SDRAM is never going to quite be transparent, so there will always be a speed penalty crossing that threshold.

What might be possible is a simple wait mechanism for address off chip, which would rely on a tiny SDRAM loader to signal ready.
That is a comparator, and a tiny state engine, and does not try to do too much.

Advantage of this is it makes future devices compatible, the change would be wait times would become less with silicon support/different DRAMs. The loader stub wait could vary with size allocated to any cache

David Betz · 2014-01-04 17:59

jmg wrote: »

SDRAM is never going to quite be transparent, so there will always be a speed penalty crossing that threshold.

What might be possible is a simple wait mechanism for address off chip, which would rely on a tiny SDRAM loader to signal ready.
That is a comparator, and a tiny state engine, and does not try to do too much.

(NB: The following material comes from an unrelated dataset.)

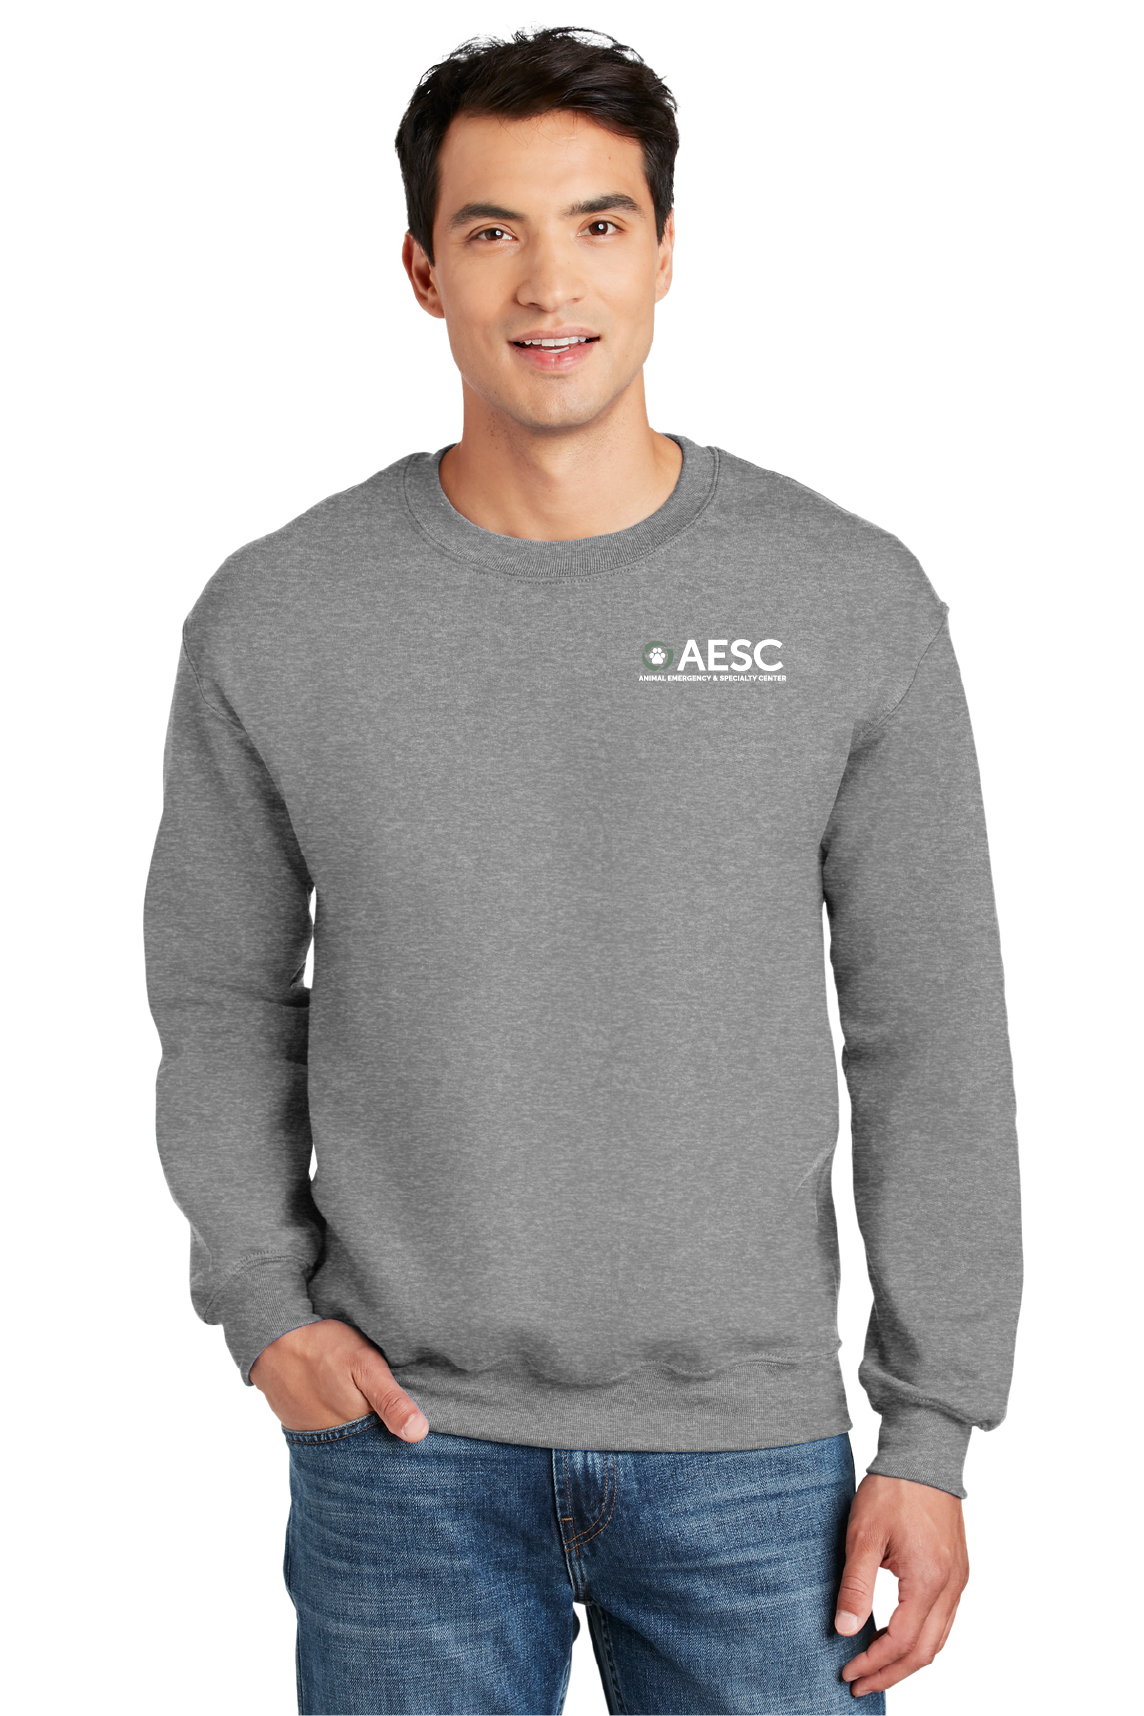 AESC Men’s Gildan Sweatshirt Sports Grey

Advantage of this is it makes future devices compatible, the change would be wait times would become less with silicon support/different DRAMs. The loader stub wait could vary with size allocated to any cache

That would work but could be terribly slow. If you could pull in an entire page on a TLB fault then you could run at hub speeds until you crossed over onto a different page. I guess it depends on how much your program branches.

David Betz · 2014-01-04 18:03

jmg wrote: »

SDRAM is never going to quite be transparent, so there will always be a speed penalty crossing that threshold.

What might be possible is a simple wait mechanism for address off chip, which would rely on a tiny SDRAM loader to signal ready.
That is a comparator, and a tiny state engine, and does not try to do too much.

Advantage of this is it makes future devices compatible, the change would be wait times would become less with silicon support/different DRAMs. The loader stub wait could vary with size allocated to any cache

Actually though, the idea of stalling is good. Maybe if another COG was responsible for updating the TLB then the COG that hit the address fault could just stall waiting for a TLB hit. Then you wouldn't need restartable instructions or traps.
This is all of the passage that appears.